Б.К.: Дается - структурированная жизнь и достаточно денег на пельмени и водку. Отнимается - в сущности, ничего. Если б представить себе мир, в котором, как у Саши Черного, люди "из дола" приносили бы поэту на Олимп "хлеб, вино и котлеты", то было бы о чем говорить. Но такого мира нет и не будет. Так что ты либо где-то зарабатываешь, либо (что бывает) живешь за счет прекрасных дам или вообще Бог знает кого, словом, ведешь "богемный" образ жизни. Ничего зазорного, однако слишком велик соблазн спиться. И почему "западный" стиль? Советские писатели жили своими литературными упражнениями, а больше, кажется, никто. Тютчев был чиновник, Фет помещик, как, впрочем, и Пушкин с Баратынским. Nothing is new. Ну, любит человек строить модели парусников в бутылке - хорошо, отлично даже, но стоит ли из-за этого стулья ломать, заявлять, что общество должно его за это кормить? Поэт, в конце концов, не должен слишком отличаться от своих читателей, не должен быть слишком небожителем...

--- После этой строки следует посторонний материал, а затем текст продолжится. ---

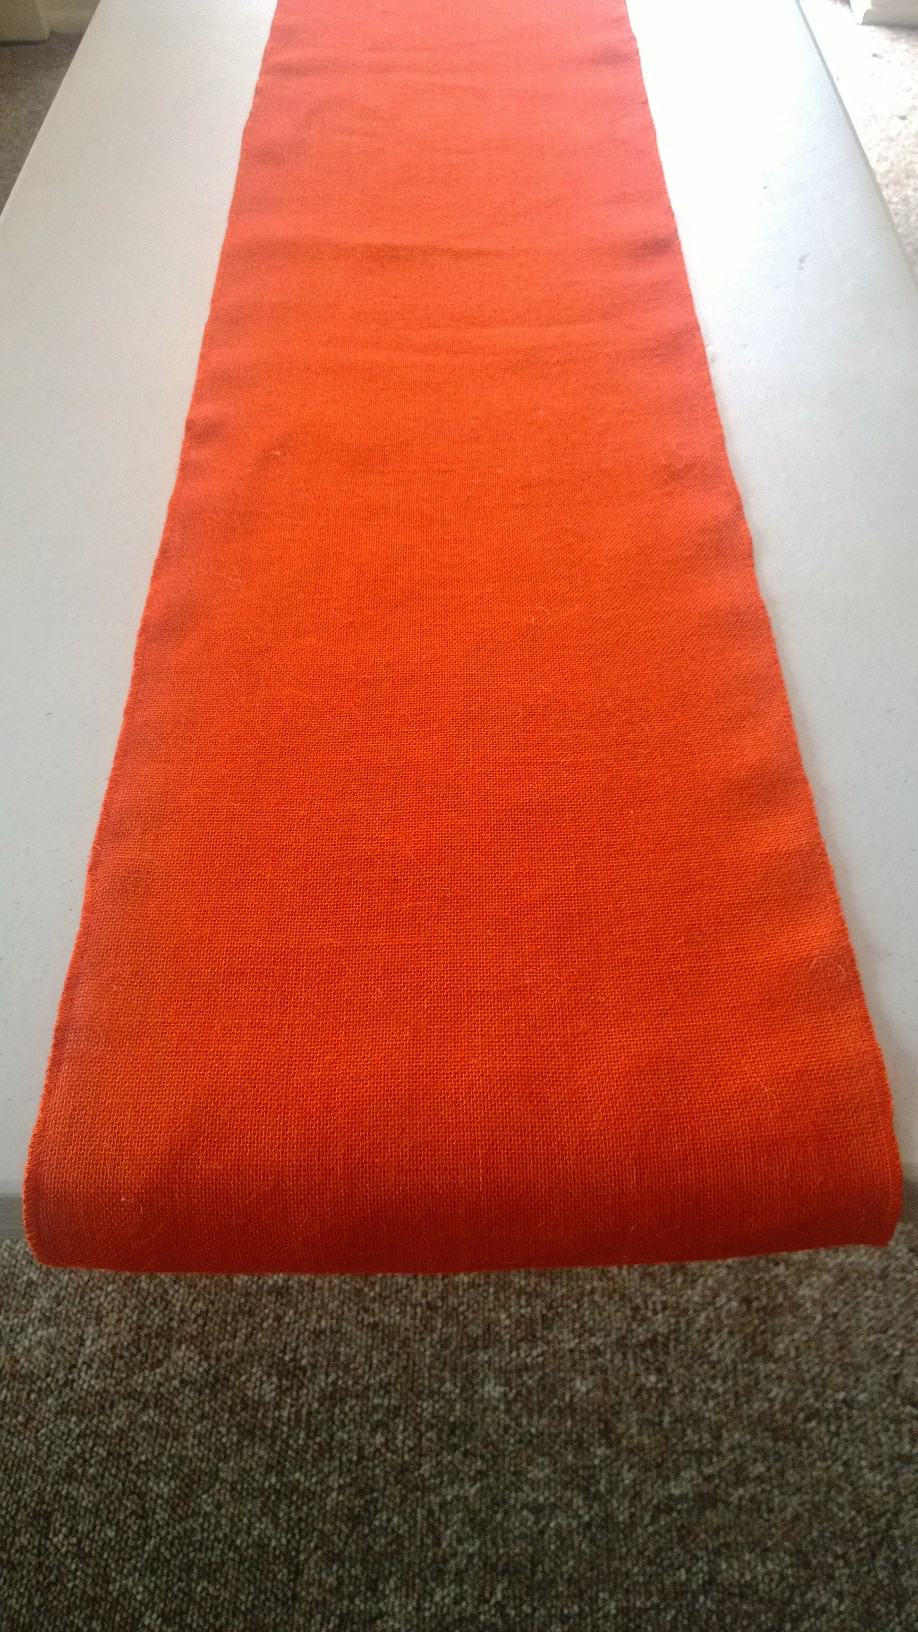 Tangerine Burlap Table Runner (Sewn Edges) - 14" x 72"

С.Л.: А что вообще происходит с социальной ролью поэта? Придет ли когда-нибудь Россия к состоянию, когда поэзия обитает в академических в основном пространствах? Или есть препятствия, которые этому помешают?

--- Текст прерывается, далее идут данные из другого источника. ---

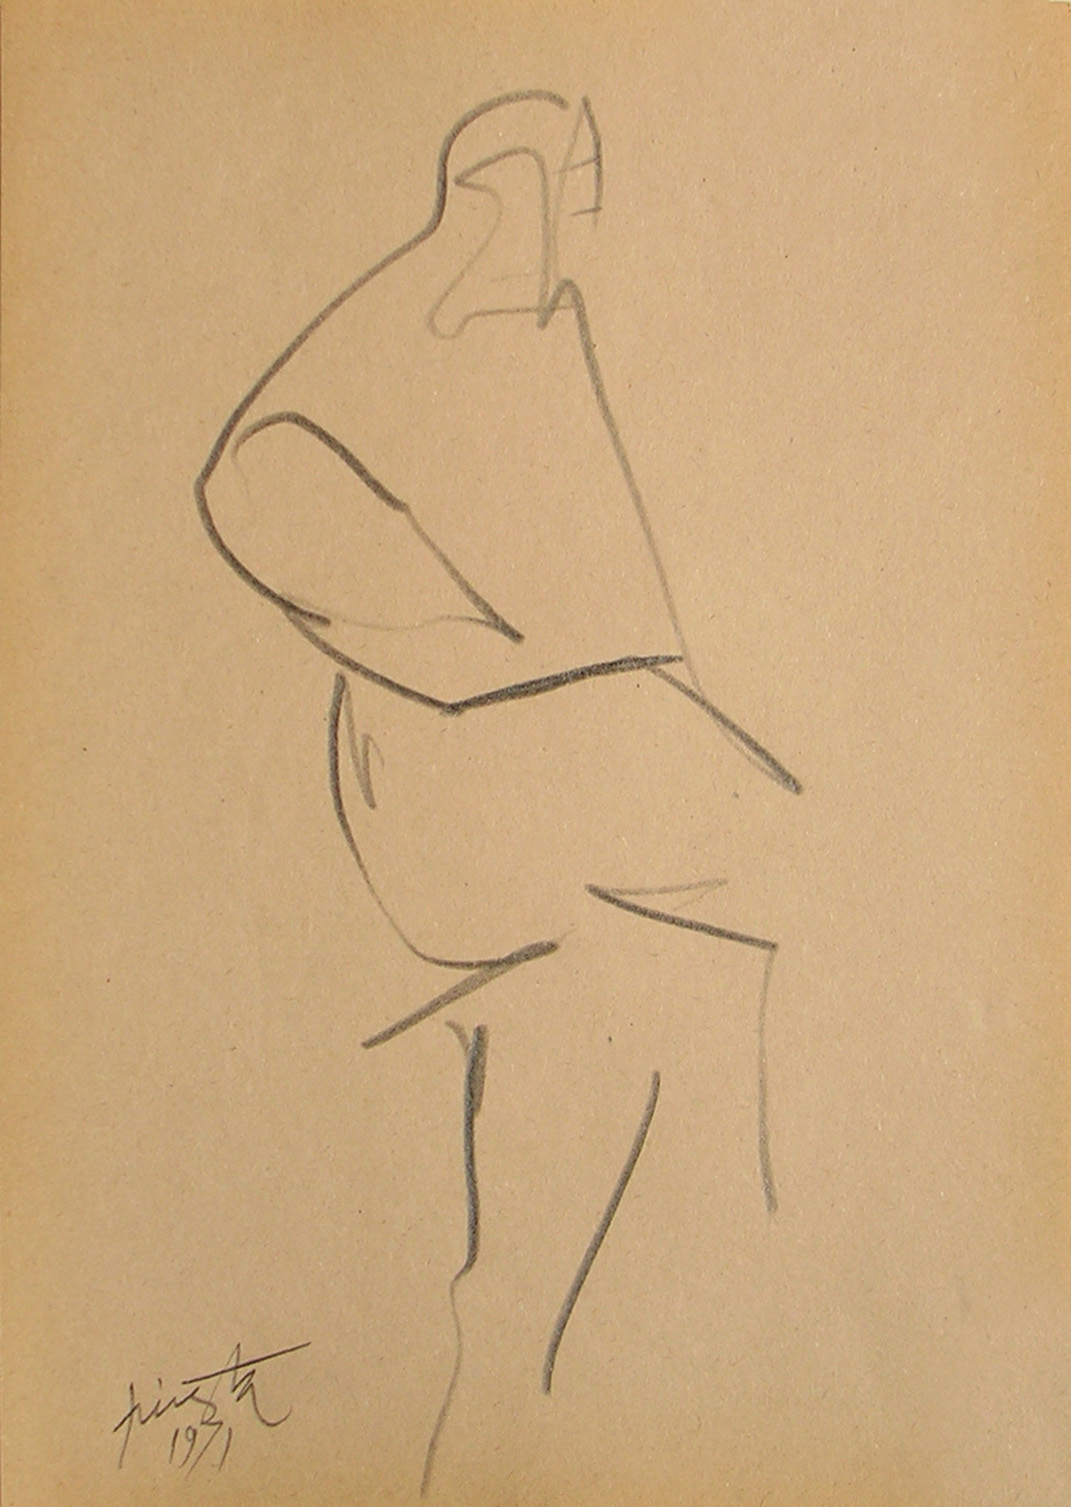 Figura humana, carbonilla sobre papel, 19 cm x 13 cm, 1971

Б.К.: Уже пришла. Не надо строить иллюзий. Поэтические тиражи на душу населения нашей очаровательной и высокодуховной страны уже сейчас много меньше, чем в иных европейских странах. В Квебеке стандартный тираж поэтического сборника - 500 экземпляров. Это при населении в 7 миллионов человек. В России - 1000. Дальше считайте сами. Почему, зачем - не знаю! Мое дело - писать, и не задумываться о том, что самый популярный поэт России - это, должно быть, Андрюша Макаревич (которого нежно люблю, понимая, однако, что задачи у нас разные...).

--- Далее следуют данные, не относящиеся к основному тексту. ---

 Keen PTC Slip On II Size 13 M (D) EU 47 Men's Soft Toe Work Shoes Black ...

С.Л.: Вот вы поили молодых литераторов, попавших в шорт-лист "Дебюта", граппой. Это любимый напиток? Есть ли у вас личный миф, с напитками связанный, - Померанцев даже целую книгу про вино написал, он там объясняет, что водка в России - это государственное, а вино - диссидентское, европеизм. Вы что-то по этому поводу можете рассказать? Про граппу, например?

Б.К.: Граппа, граппа... Чача, иными словами. Средиземноморье, античность, крестьянин, который, изготовив вина на продажу, вдруг увидал, что шкурка и жмых - остались. Можно свиньям скормить, а можно сбродить, перегнать, и полученным самогончиком скрашивать вечера после трудового дня... Мистика Италии, мистика библейского винограда... Впрочем, просвещенная Россия в ходе неуклонной своей американизации, кажется, теперь всем напиткам предпочитает пиво. Напиток основательный, обещающий некоторое повышение настроения - и никакого буйства. Наверное, это хорошо. А что вина не пьют - плохо. Уж в чем-чем, а в пиве мистики, пожалуй, маловато... Как у Тацита: "из проросшего ячменя и хмеля германцы изготовляют некоторое омерзительное подобие вина..." Шучу, шучу. У Саши Левина есть чудная песня про пиво - за ним тоже можно вести основательный дружеский разговор... При наличии прокладки, разумеется - не той, что рекламируют по телевизору, а небольшой рюмочки водки, которую следует употреблять между двумя бокалами пивка.

С.Л.: Что для вас Сеть - просто удобное средство коммуникации? Не могли бы вы именно в отношении Сети, где скорость потоков и прозрачность особенно высоки, оценить сюжет, который вы обсуждали с Александром Левиным - о языковом давлении, о проникновении новой лексики.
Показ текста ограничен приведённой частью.